Philosophy of Georg Wilhelm Friedrich Hegel
Episode #9 of the course “Brief history of Renaissance and Modern philosophy”
One of the most critically-advanced and acclaimed thinkers of the 18th and 19th centuries, Georg Wilhelm Friedrich Hegel (known to his family as Wilhelm) published some of the most complex philosophical works of all time. Hegel was a German scholar who promoted absolute idealism, which unifies a number of theories about art, history, logic, psychology, philosophy, and religion. His extent is so far-reaching that 20th-century theorists can trace a number of today’s most commonly accepted philosophical and scientific foundations back to Hegel’s work.
Hegel was one of the first to objectively critique and review morality and social consciousness according to a historical perspective. Seeing the cause and effect relationships throughout history on both a large scale and an individual level, Hegel formulated a framework known as the “master-slave dialectic” in human psychology. He theorized that one aspect of human consciousness or identity could not know itself except by comparison, that the opposing aspects would struggle in an attempt to dominate one another, and that when one succeeded the other would be unable to continue to know itself. The importance of this dialectic is the recognizing—the process and movement of recognition.

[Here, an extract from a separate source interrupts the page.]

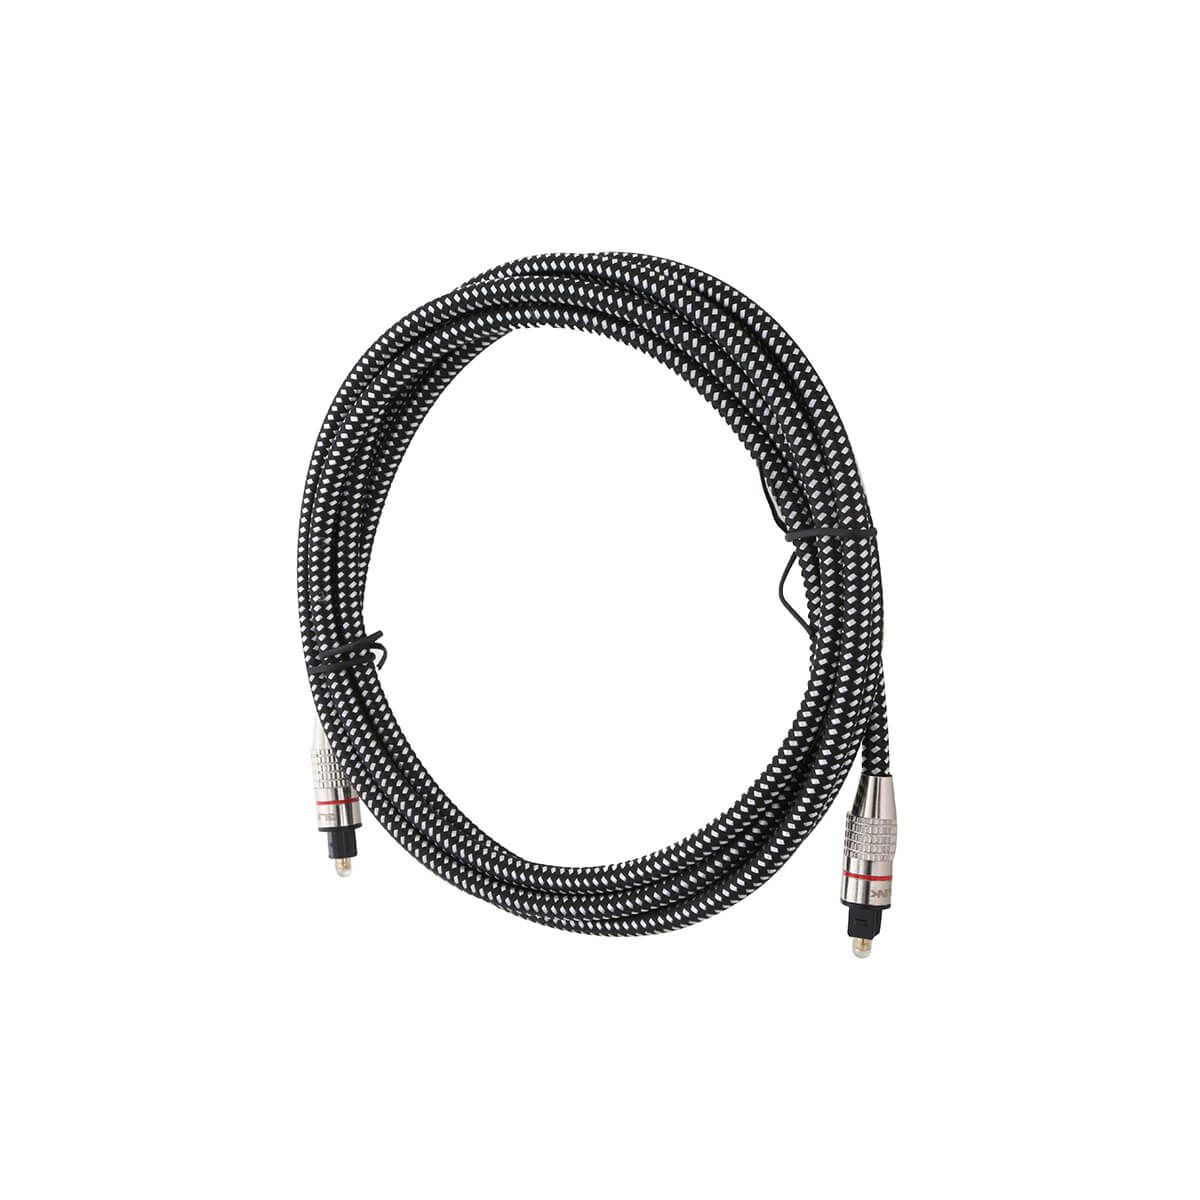 Optical Audio Cables for sale

Hegel’s great works include Phenomenology of Mind, Science of Logic, and Life of Jesus. His philosophy has been critiqued as being too theologically focused and relying too much on the religious aspects of philosophy to answer metaphysical questions. Some have even called it a philosophy that closely resembles Christian mysticism. In the idea of looking at an event or social construction from a historical perspective, some believe that Hegel is saying the correct perspective is an absolute or ultimate one: the perspective of God.